About two years ago a team of researchers took a closer look at all the studies done on anti-depressants. It required some serious digging because the drug companies had not published more than half the studies with negative results. Not surprisingly, they had published 37 out of the 38 studies with positive results while burying the negative studies.
This is a stunning finding since scientific research is based on an ethical code of objectivity. In order to insure that results are unbiased there are rigorous guidelines as to how a research study should be conducted. However it is not legally required that a drug company publish all their results. We might want to remember this the next time Big Pharma tries to convince us to buy their products.
So the drug companies didn’t publish the majority of their negative studies and guess what? Anti-depressants were presumed to be effective. What researchers found when they looked at all the studies, some of which they obtained through the Freedom of Information Act, is that antidepressants were only about 10 percent better than placebo, and mostly with severely depressed patients. These results were pretty much ignored by physicians as over the next year about 30 million prescriptions worth about 10 billion dollars were administered.

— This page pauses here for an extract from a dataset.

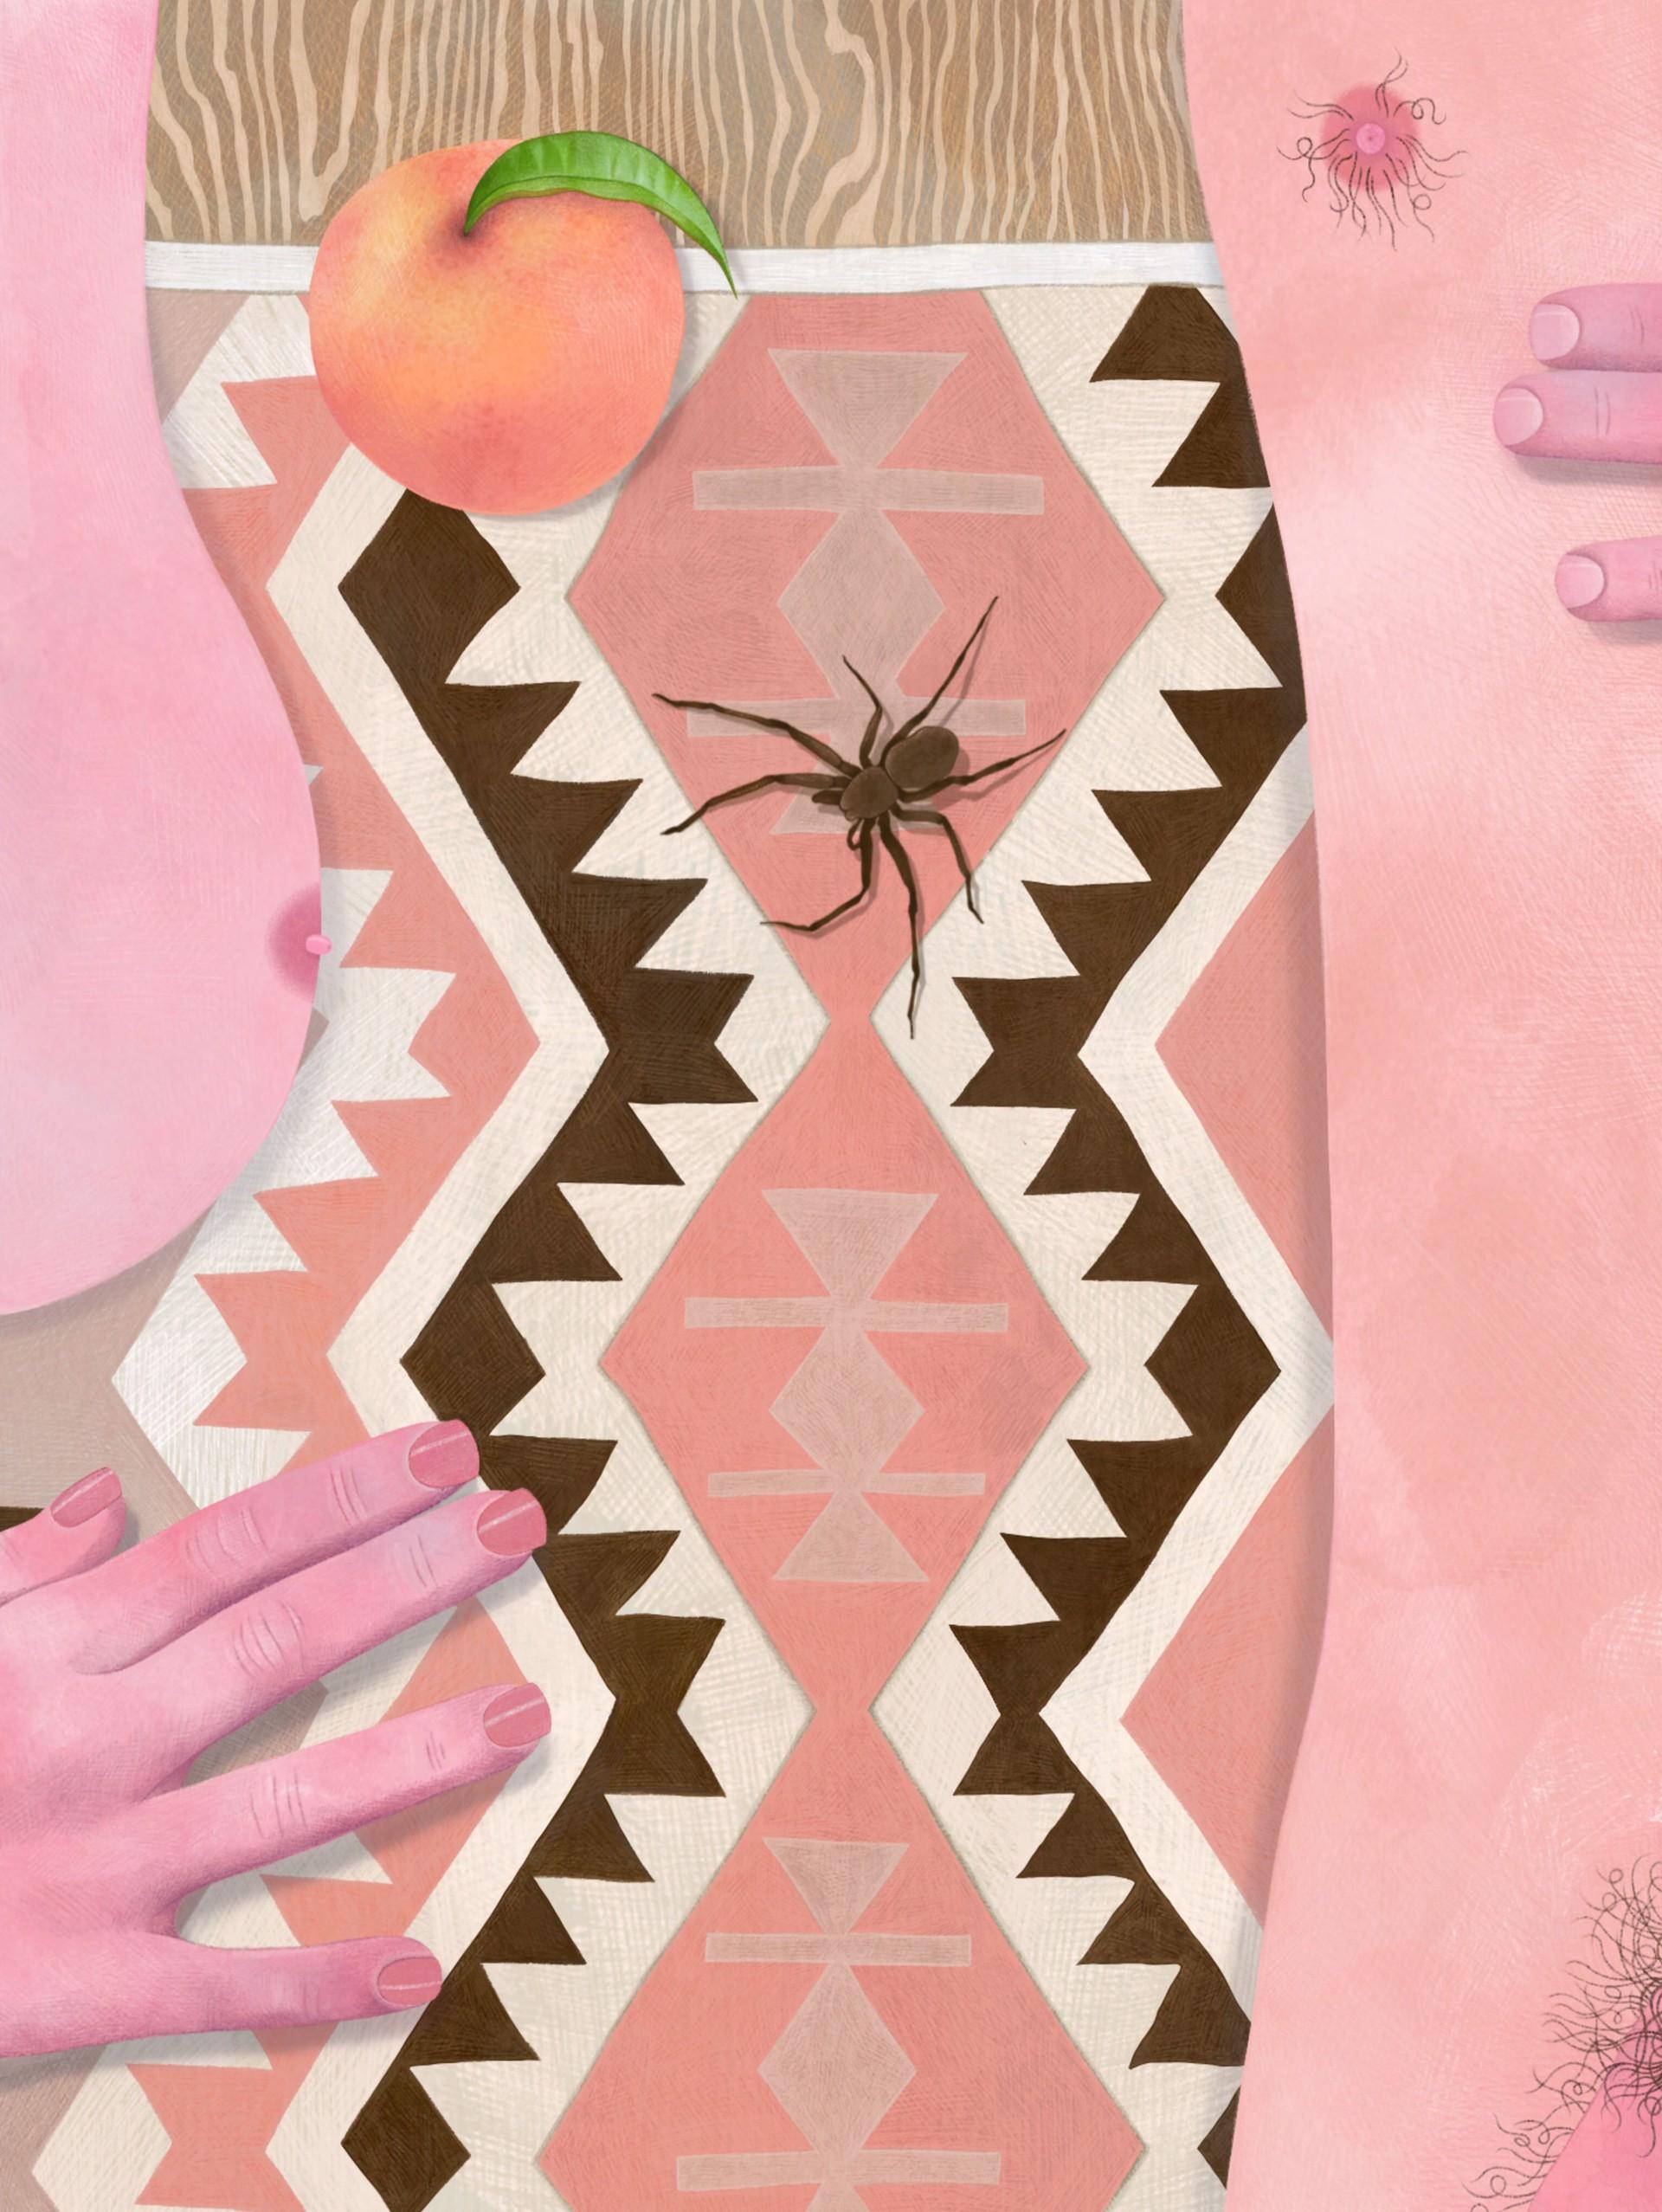 Creepy Crawly by Lauren Gallaspy

Last month the Journal of the American Medical Association published a follow up study and again confirmed that anti-depressants were no better than placebo for the greater majority of patients. They were effective for only the severely depressed. Many people have a hard time believing this research but it is not that surprising. On the clinical level it has been known for a long time that anti-depressants get about 50 percent of patients about 50 percent better.
Anti-depressants are presumed to increase neurotransmitter levels. However this is not true. They merely “recycle more efficiently” pre-existing neurotransmitter levels. This explains why a number of patients initially feel better, but then relapse. They may be switched to another anti-depressant which helps for a period of time, but then stops again. Often the patient tries to get off the antidepressant and feel worse than when they started. That is because their body has even less neurotransmitters now then at the onset of depression. The problem is that these drugs don’t feed the body what it needs to make more neurotransmitters, which leads to depletion.
Natural medicine is based on the premise that when the body is given the ingredients it needs, through food and natural supplements, it will produce health. In the case of depression the body needs the raw materials to produce neurotransmitter, which includes amino acids, vitamins, and mineral cofactors. This has been shown to be effective and seem to be a better approach for those who find their antidepressant is not working.
The other important part of this study is not to underestimate the power of the “placebo” effect. Placebo is Latin for “I please you”. It means that an inert substance was shown to treat depression. The placebo effect however is real. Patients weren’t depressed anymore, which is what they wanted, even though they weren’t given anything other than the information that they would get better. This might be shown to be one more corollary of natural healing. When people are fed positive expectations with positive, caring experiences, the body will also produce health. My suspicion is if the drug companies could patent love and caring that there would be a whole lot more research into the effectiveness of the “placebo” effect.
There are several caveats. Even by these rigorous studies it seems that antidepressants are appropriate for severe depression, which affects about 2 million people. This article does not mean everyone should stop their antidepressants. First is because the drug might actually be working for you and second is because suddenly stopping an antidepressant can leave you worse off than when you started the drug. Stopping an antidepressant should only be done under the supervision of the physician who prescribed it.